In addition, a retrospective study—involving some members of our research group—found that phlebotomy was associated with less bleeding and fewer RBC units transfusions during liver resection.33 Our findings confirm their results, including that large volume phlebotomy (≥450 mL) was associated with less blood loss than smaller volume phlebotomy (Table 6).

Phlebotomy is an effective medical intervention to decrease portal venous pressure21 that is best used as a part of a multiprong evidence-based clinical strategy for liver transplantation. In our cohort, the blood loss difference was 690 mL between the phlebotomy and the no phlebotomy groups. This difference was a significant factor in our transplant center where the typical blood loss is about 1500 mL, but it may be less relevant in other settings where the average blood loss is 5 to 10 L.

There are some limitations to this study. This is an observational study from a single center for a long time period with a low transfusion rate. Despite increased bleeding and transfusions over time, survival improved, probably because of improved patient care. This phenomenon was explained in a previous report.28 The kind and amount of vasopressors used perioperatively are not reported. Two kinds of antifibrinolytics were used in this series. The first 300 OLTs received aprotinin‚ and the last 700 received tranexamic acid. Contrary to what Mangano et al34 reported for cardiac surgery, the incidence of AKI at day 7 (postoperative) was the same, that is, 10%. In a previous article comparing aprotinin and tranexamic acid, we did not find any change in bleeding and transfusion rate.29 As mentioned earlier, this study is not a randomized controlled study.

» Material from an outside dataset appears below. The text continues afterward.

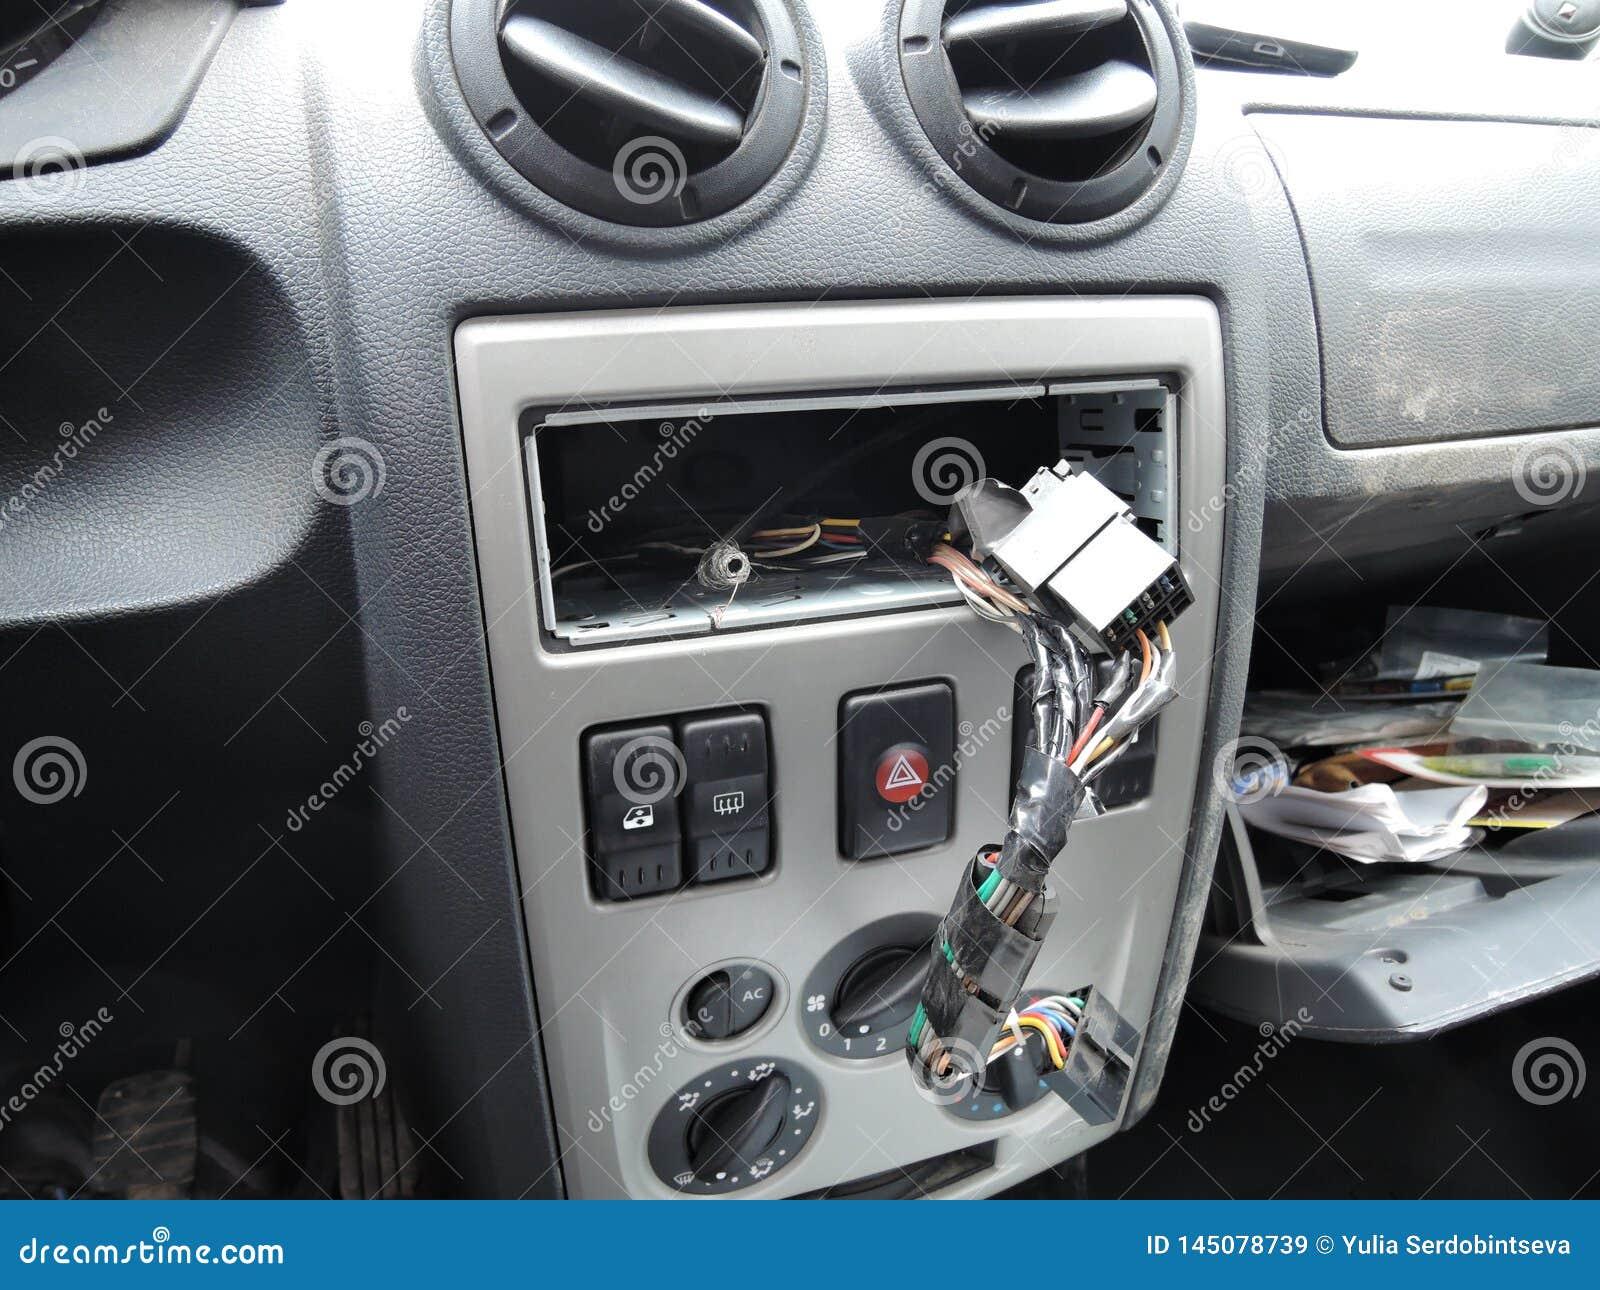 Painel do carro após o roubo do receptor audio
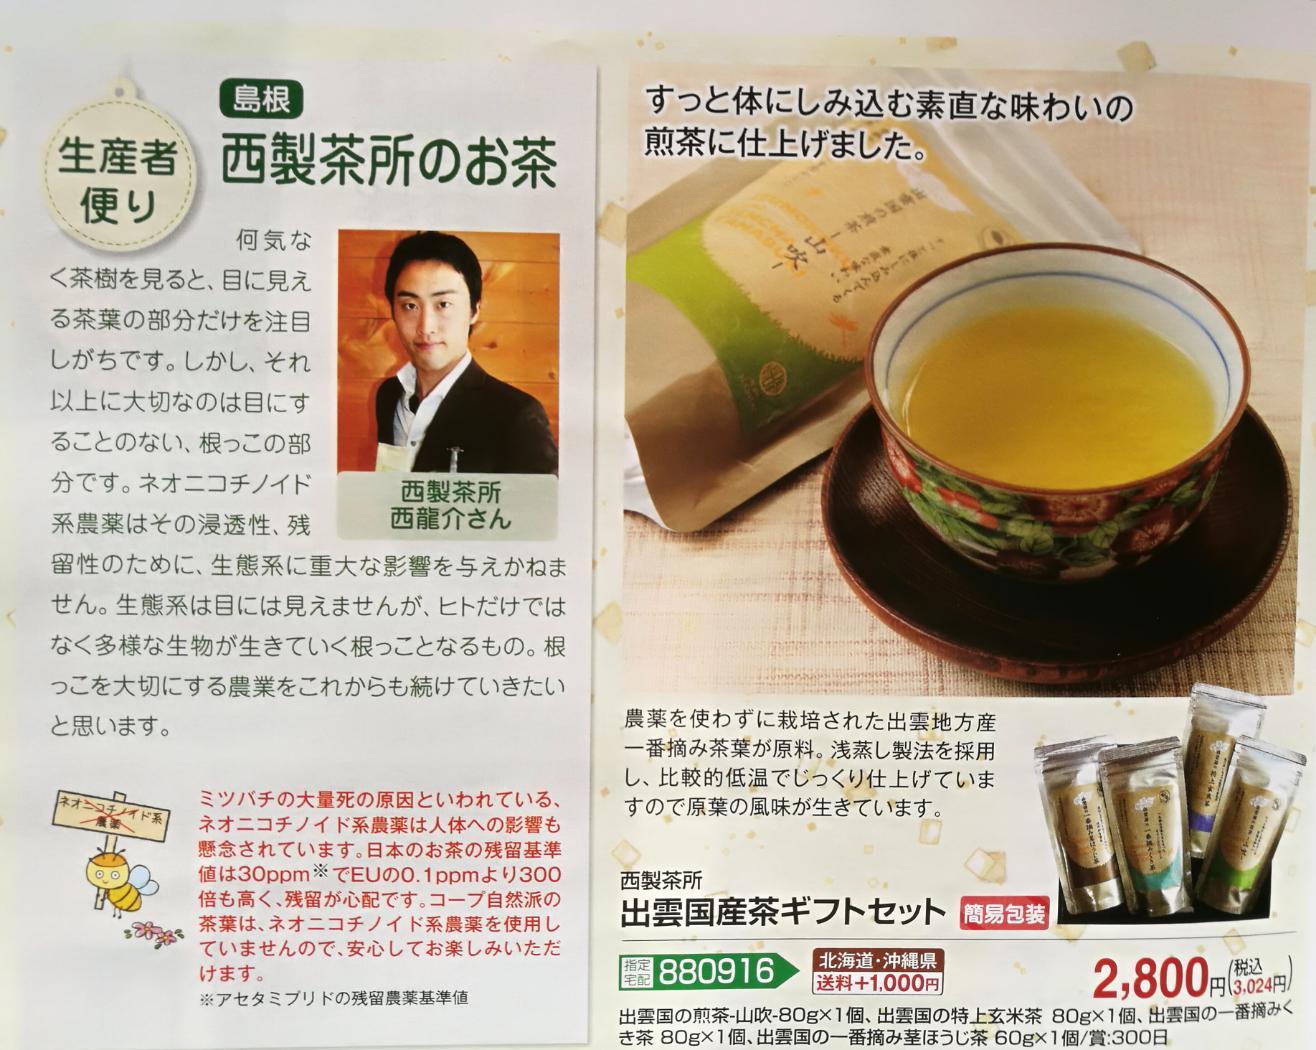 コープ自然派冬の贈りものカタログ西製茶所のお茶

Use of the matching propensity score could have controlled this weakness, but a major determinant of feasibility of phlebotomy is the clinical impression of the anesthesiologist. This clinical impression is difficult to quantify, and we know that anesthesiologists all work differently.3,4,28 A total of 584 patients met the criteria in terms of baseline Hb and creatinine to have phlebotomy, but in 174 cases, the anesthesiologist preferred not to do it. Table 4 is a kind of propensity score matching where we find patients who had the criteria to have a phlebotomy (Hb ≥85g/L and creatinine ≤104 µmol/L). A total of 410 patients had phlebotomy‚ and 174 did not have. These 2 groups are almost comparable except for the starting INR value and CTP score. The phlebotomy group had less bleeding and was less transfused. Of these 584 OLTs, Table 5 shows the sickest patients in terms of INR (INR >1.5 = median) and CTP score (CTP score >10 = median). Of these 156 OLTs, 92 had phlebotomy; the 2 groups are almost comparable again. Those who had phlebotomy had less bleeding and received less transfusion, and their survival rate at 1 y was markedly better. Phlebotomy seems to have a greater effect in sicker patients. These patients probably have greater portal hypertension, and the phlebotomy decreases portal pressure.21

The design of this study does allow us to conclude a cause-and-effect relationship. The unique interest of logistic regression with renal dysfunction and mortality was to exclude phlebotomy as a potential cause. There are many other factors that can cause kidney dysfunction or decreased survival. The donor risk index and the cold ischemia were studied in a previous article, and there was no link with transfusion requirement and blood loss.28

CONCLUSIONS

In this series of 1000 consecutive OLTs, patients received a mean of 0.7 RBC units, and 75% of them did not receive any RBC transfusions. Patients who benefited from the phlebotomy had a decrease in blood product transfusion (RBC, plasma, platelets, cryoprecipitate) and blood loss and saw an improvement in 1-y survival. Additionally, our data indicate that these benefits did not come at the cost of impaired postoperative renal function. A prospective randomized trial is needed to further evaluate the effectiveness and safety during OLT. This study provides insight that might inform the design of such a trial.

Footnotes

L.M. and A.R. participated in research design, writing of the article, and performance of the research. Z.H. participated in research design and writing of the article. C.Z. and P.K. participated in research design, writing of the article, and statistical analysis. L.T. participated in research design, writing of the article, and data analysis. L.R. participated in research design and writing of the article.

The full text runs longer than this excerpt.